KHOUZAM and MORRIS, JJ., Concur. WALLACE, J., Dissents with opinion.. The record does not contain a separate case plan dated June 29, 2005. The case plan addendum, however, was entered on June 29, 2005. The addendum was not included as part of the trial court record until the pen-dency of this appeal.
. The oldest child had reached the age of eighteen and was no longer dependent.
. As explained in the dissenting opinion, the December 2004 case plan required the Father to (1) maintain adequate housing, (2) maintain stable income, (3) successfully complete an approved parenting program, (4) complete family counseling, (5) complete an approved domestic violence class, and (6) commit no further law violations. The requirement that the Father receive substance abuse treatment was a task set forth in the addendum to the case plan dated June 29, 2005. Based on the Father’s testimony, it is clear that he was aware of the addendum to the case plan.
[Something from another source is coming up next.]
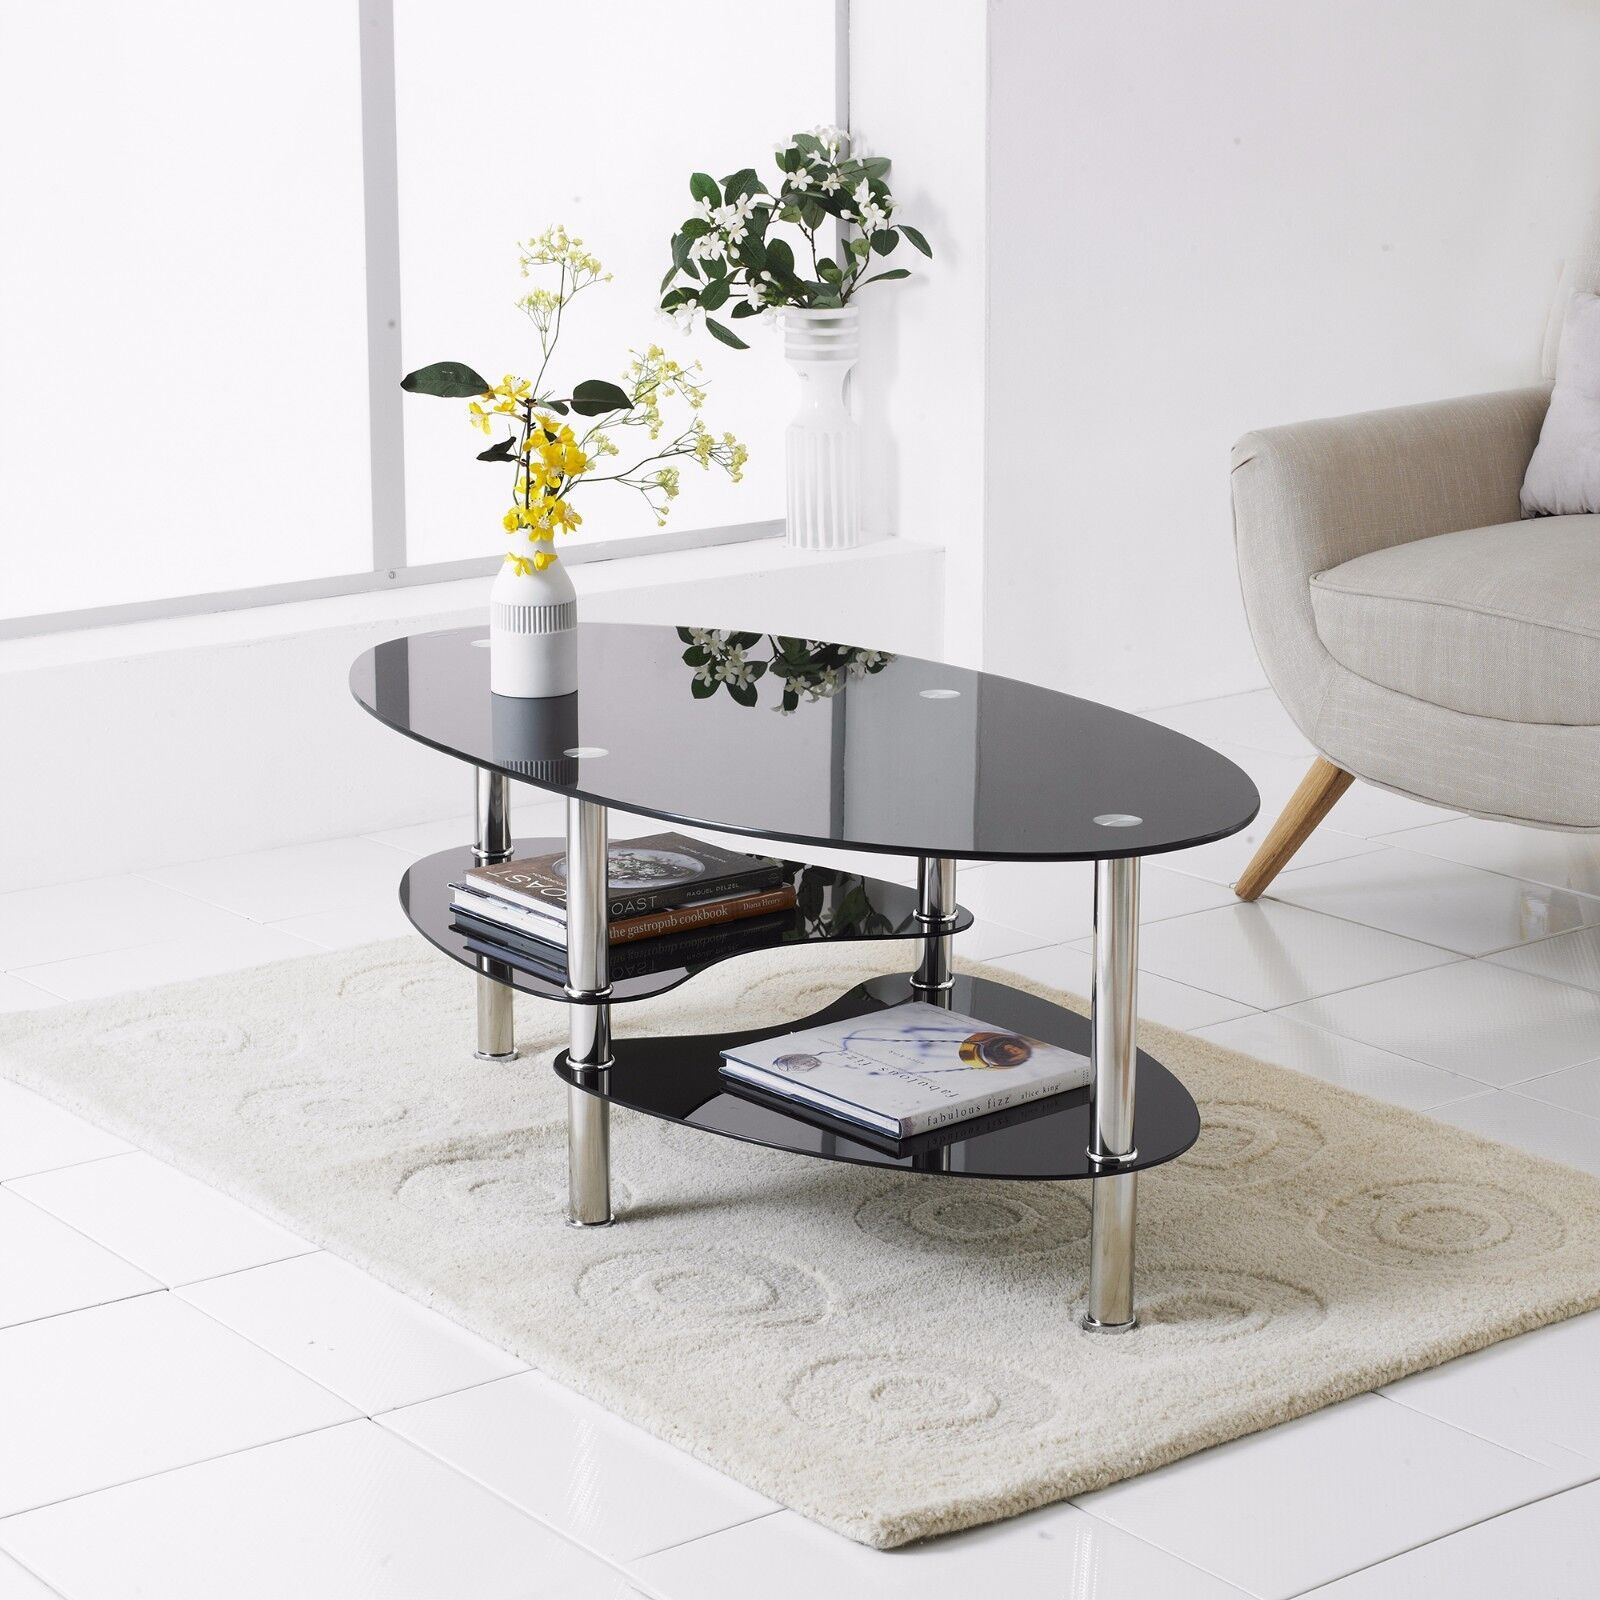 Modern Rectangle Oval Glass & Chrome Living Room Coffee Table With With Glass Coffee Tables With Lower Shelves (Gallery 3 of 20)
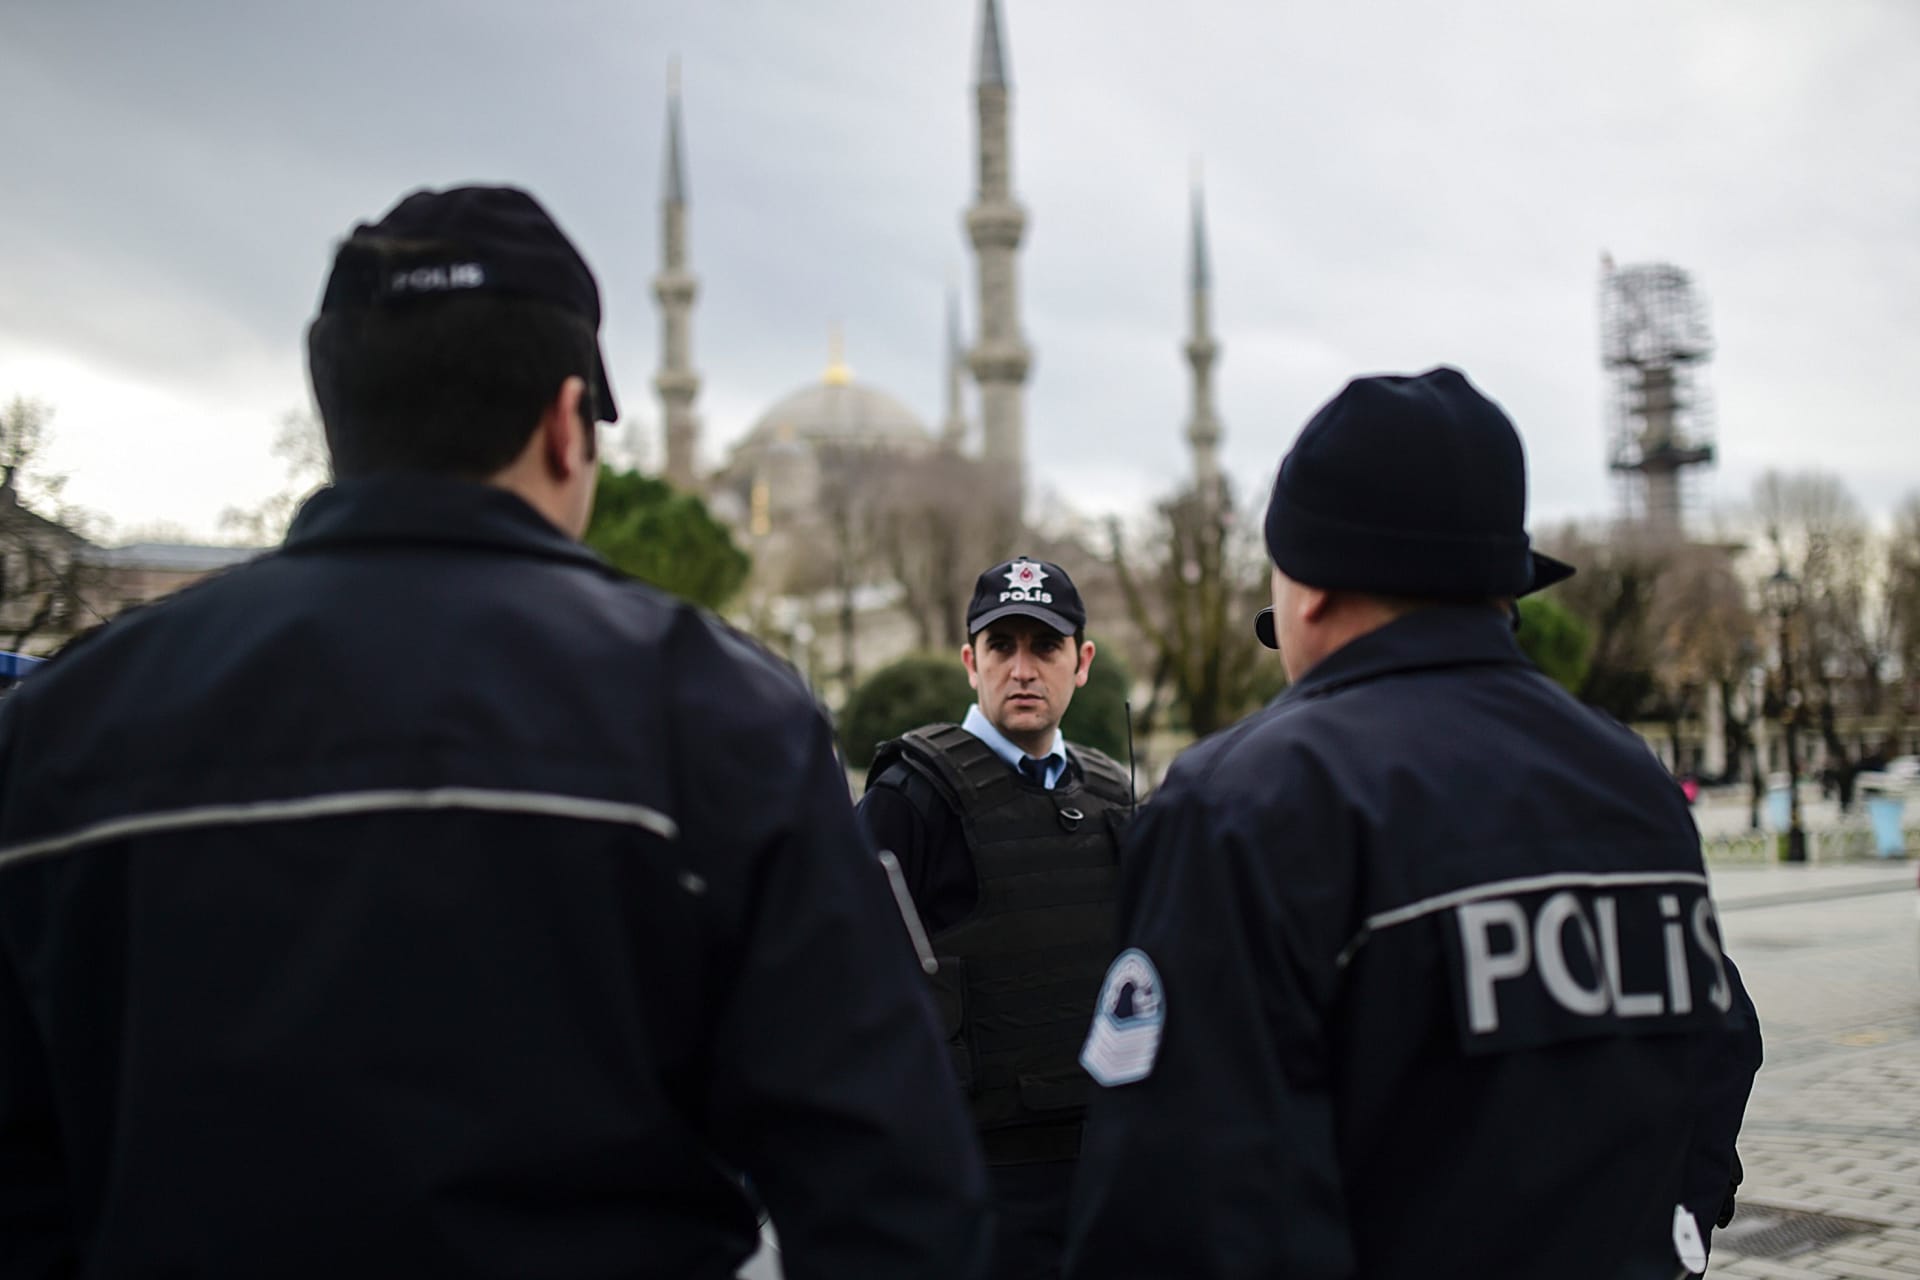 بعد اعتقال مزعوم بسبب تصوير قصر أردوغان.. إسرائيل تعلق على احتجاز مواطنين في تركيا

. We do not agree with the dissent’s conclusion that even if a case plan had been created as to E.C., the circumstances that caused the creation of the case plan in regard to the Father had been remedied at the time of the termination hearing. While the dependency order references the Father’s abandonment of E.C. due to his incarceration, the case plan addendum requires the Father to complete a substance abuse task, which he failed to complete before the termination of his parental rights. We believe that in light of this task and the existing case plan tasks as to the other children, who had been adjudicated dependent as to both parents only a few months before, the Father’s incarceration was not the only circumstance that caused the creation of the case plan as to E.C.